Willkommen in der Planckwelt

      Interview in Berlin

            Nach dem Higgs

IZ:
Willkommen in Berlin ! Mit der Verleihung des Nobelpreises an Higgs und Englert  hat sich der Higgsmechanismus jetzt in der Wissenschaft als die Theorie etabliert, die erklärt, wie die Masse in die Welt kommt. Das von Higgs hierzu postulierte Higgsboson wurde zweifelsfrei am LHC in Genf nachgewiesen. Eine 50 Jahre lange Suche ist zu Ende. Doch wie geht es weiter ? 3000 Wissenschaftler und Mitarbeiter haben am CERN in Projektteams hervorragende Arbeit geleistet. Welche Arbeit wartet jetzt auf sie ?

Autor:
Higgs und Englert sind für die mathematische Theorie ausgezeichnet worden, die die Masse so in die Lagrange-Gleichung einführt, dass die Eichsymmetrie der Gleichung erhalten bleibt. Das ist ihre wissenschaftliche Leistung. Sie gaben den Weg für die Experimentatoren vor. Erst so wurde die Motivation für den Bau des LHC geschaffen.  Nachdem das Standardmodell jetzt vollständig ist, brauchen wir eine Theorie, die das Standardmodell erweitert. Wenn der LHC aufgerüstet ist von 7 TeV bis zur Schwerpunktenergie von 14 TeV, wird Neuland beschritten. Erwartet werden in diesem Bereich erste supersymmetrische Teilchen , so es die Supersymmetrie in der Natur geben sollte .

IZ:
Wir sind in Berlin, weil  hier eine Forschungsgruppe auf andere Art das Standardmodell SM3 erweitern will. Die Arbeitsgruppe ist überzeugt, dass es eine 4. Teilchenfamilie gibt, auch wenn das Higgsboson mit der nachgewiesenen Masse 126 GeV ein SM4 nicht zulässt . Wie denken Sie darüber ?

Autor:
Die 4. Teilchengeneration ist erst realistisch geworden , als in der kosmischen Strahlung schwere Neutrinos mit einer Masse > 45 GeV  nachgewiesen wurden. Die in den Experimenten nachgewiesene CP-Verletzung reicht nicht aus, um das Fehlen der Antimaterie zu erklären. Eine 4. Teilchenfamilie kann zur Lösung dieses Problems einen Beitrag leisten. Kann das bottom´ (Strich)- Quark aufgrund bisheriger experimenteller Ergebnisse identifiziert werden ? Liegt es überhaupt im Energiebereich des LHC bis 14 TeV ?

IZ:
Das ist eine spannende Frage ! Vom leichtesten supersymmetrischen Teilchen der Supersymmetrie kann das nicht behauptet werden. Es gibt keinerlei Anzeichen über den zu erwartenden Massewert. Für das bottom´-Quark haben Sie in den vergangenen Interviews  die Masse angegeben. Sie wäre identisch mit der Masse des Top-Quarks. Können Sie nochmals den Weg aufzeigen, wie Sie auf diesen Wert gekommen sind .

Autor:
Die Massen der Quarks und Leptonen lassen ein Muster erkennen. Die Massen können von der Eulerschen Zahl e abgeleitet werden. Extrapolieren wir die Massen des s-Quarks und des b-Quarks zum b´-Quark, kommen wir ebenfalls zur Masse des Top-Quarks. Das hat Konsequenzen für die elektrische Ladung.

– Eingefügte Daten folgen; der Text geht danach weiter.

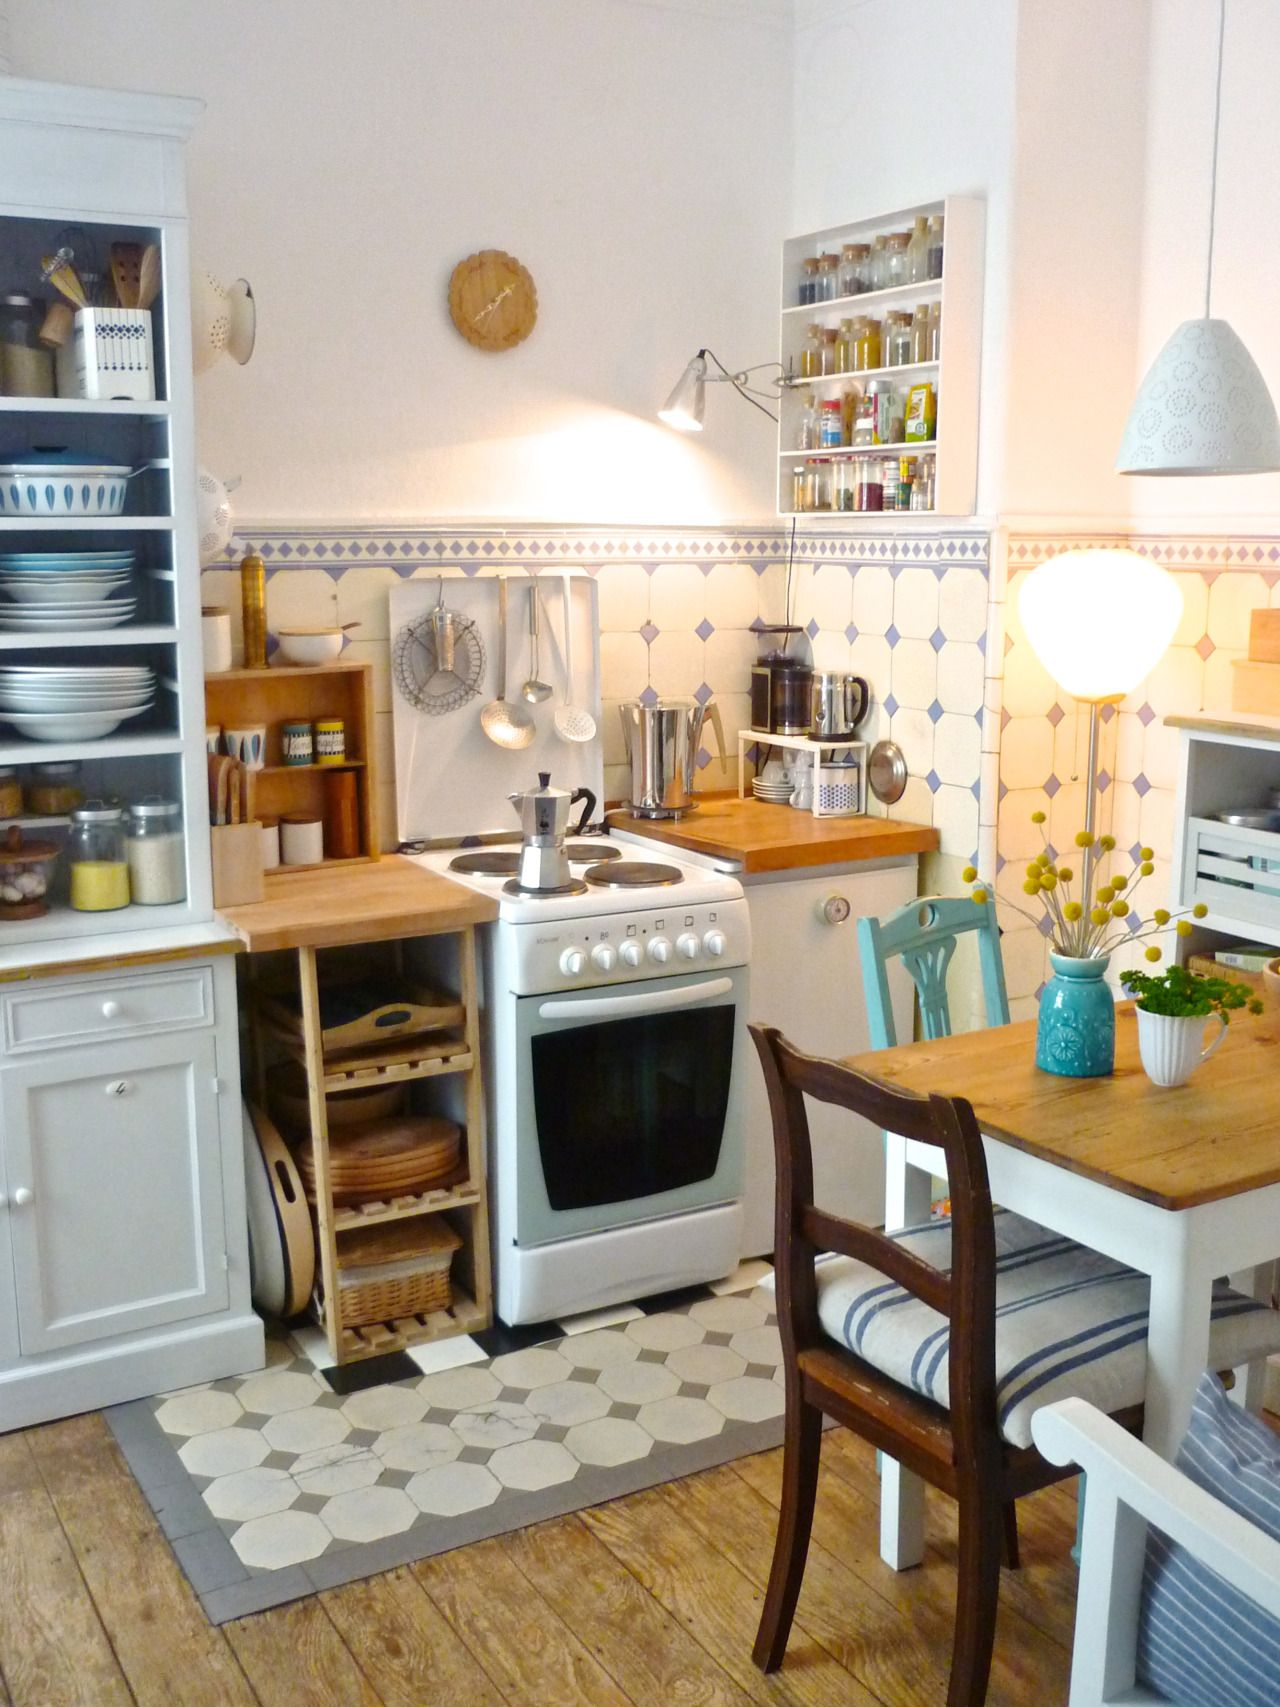 pin von cate shea auf rooms pinterest kleine k che wohnung k che und gem tliche k che. Black Bedroom Furniture Sets. Home Design Ideas

 m =   e^ (( e²/6)   * n +1)                    für n=   0 , 1 , 3 , 5 , 6 , 9 ,  9             d ,  u ,  s ,  c ,  b,   t  , 

  berechnete Werte                                   [MeV]    :                                   2.7  ,   9.3 ,   109  ,    1284,     4399,    177000 ,     177000
 Experimentelle Werte ( Wikipedia)     [MeV]    :                                   2.4,     4.8 ,    104 ,     1270 ,    4200 ,   172000 ,

Bei der Masse 177 GeV finden wir also sowohl ein Quark mit der Ladung +2/3 e als auch ein Quark mit einer negativen Ladung.
-1/3 e . Die Bestimmung der elektrischen Ladung des top-Quarks ist ein aktuelles Forschungsthema am Atlas- Detektor des LHC. Die Ladung kann nicht direkt bestimmt werden. Sie wird von der Ladung des bottom-Quarks abgeleitet  und ist mit großen Unsicherheiten behaftet. Es gibt eine Theorie, die bei 172 GeV mit einem Quark  mit einer negativen exotischen Ladung -4/3 e verträglich ist.

IZ:
Bei den experimentellen Werten handelt es sich um aktuelle Zahlen. Man sollte jedoch beachten, dass die Zahlen mit dem Fortschreiten der Experimente sich immer wieder geringfügig änderten. So lagen die ersten Massenwerte beim top-Quark bei Ihrem berechneten Wert 177000 MeV und beim Bottom-Quark bei 4400 GeV. Umso beachtlicher ist Ihre Formel. Mich erinnert Ihre Formel zur Berechnung des Massenspektrums der Elementarteilchen an die Zeit vor über 100 Jahren, als Balmer aus den damals rätselhaften Wellenzahlen der Fraunhofer-Linien des  Wasserstoffspektrums durch Probieren eine Formel mit den Quantenzahlen 1/n² herausarbeitete. Die Balmer-Formel war damals ein wichtiger Meilenstein auf dem Weg zur Strukturaufklärung des Wasserstoffatoms. Kann die strittige elektrische Ladung bei 172 GeV uns Hinweise zur Asymmetrie der Materie und zum Fehlen der Antimaterie geben ?

Autor:
Es ist zu begrüßen, dass nach dem Higgs sich eine Arbeitsgruppe in Aachen weiterhin mit der elektrischen Ladung bei 172 GeV
auseinandersetzt. Wenn durch die präzisen Messungen, die der Atlas-Detektor ermöglicht, eine Ladung von -4/3 e verifiziert wird, dann weist das auf ein Leptonquark hin, und das wäre eine Sensation. Sie haben auf die Struktur des Wasserstoffatoms hingewiesen. Sein Kern ist so stabil, dass trotz immensen experimentellen Aufwands ein Protonzerfall bisher nicht nachgewiesen werden konnte. Im Wasserstoffatom haben wir eine stabile Ladungstrennung von elektrischer Ladung, schwacher Ladung und starker Farbladung und ein stabiles Massenverhältnis von Elektron zum Proton von 1:1840 . Das entspricht annähernd 1: e^e^2 .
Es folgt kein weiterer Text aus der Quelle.